Diana Might and David Currant's concept could change that. The two, who were introduced by a mutual friend over Zoom, co-founded Mustard, a food video app that makes its uploaded food videos shoppable.
Might, a Netflix senior producer and self-described major foodie, admits she finds food through social media apps but isn't fond of the research it takes to translate a mouth-watering video clip into an order.
"Why can't I just order through the video?" Might said. "There isn't a hyperlink there, so I need to find the name of the food or the place and then go and search it on Yelp or Google, and it's just like five, six different places until I can get to what I want."
Once a user creates their profile, they are given the option to select three interests that pertain to the type of food they like. Whether you are into comfort food or identify as vegetarian, the algorithm aims to take into account your interests.

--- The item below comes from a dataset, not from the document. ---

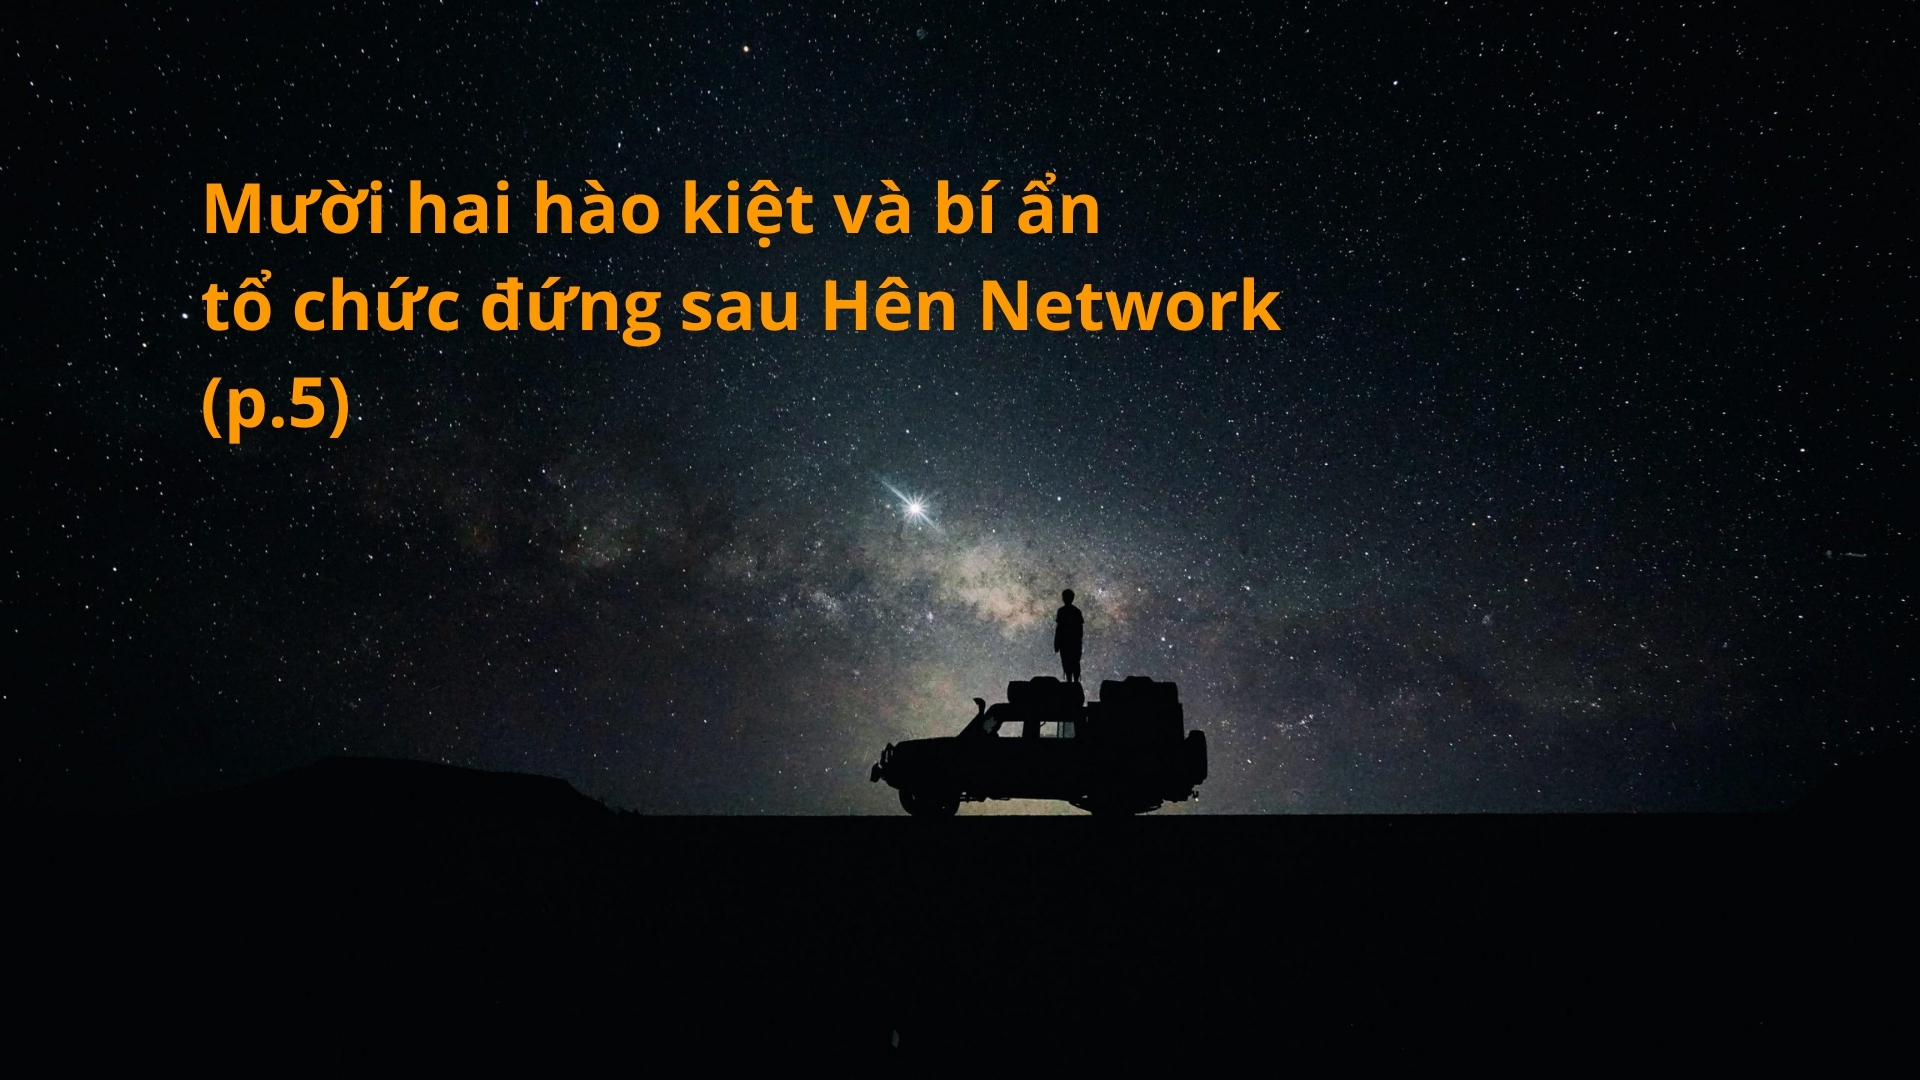 Mười hai hào kiệt và bí ẩn tổ chức đứng sau Hên Network (p.5)

Mustard co-founders Diana Might and David Currant
Unlike videos found on Instagram or other social media platforms, Mustard highlight's food videos based on users' locations. The startup is working with content creators to repurpose their food videos into revenue opportunities.
"We just picked up the trends that already exist; people already create videos," Might said. "They already find food for videos, but we just merged two worlds together and made that more simpler and more fun to order food around you."
If their video converts a viewer into a diner, the creator automatically receives an affiliate fee — at no cost to the restaurant.
"There's so many food apps that cater first to the business and the restaurant, and our interests as foodies and content creators are the last in the line," Might said.
The startup will use the money to hire new engineers and expand the company, creating more density in areas around Los Angeles and the rest of California.
The app is primarily available in Los Angeles, Orange County and the Bay Area and contains over 8,000 restaurants in its database. In the next year, it's also looking to branch out to the East Coast. And Mustard's co-founder said the company will be releasing a video editor within their app by the end of the year.
"I'm developing filters for food because on Instagram, you have filters for the face, only compliments certain skin tones, but not food tones," Might said.
Currently, the app is only available for iOS users, but Might said the company is planning to release an Android version in the future.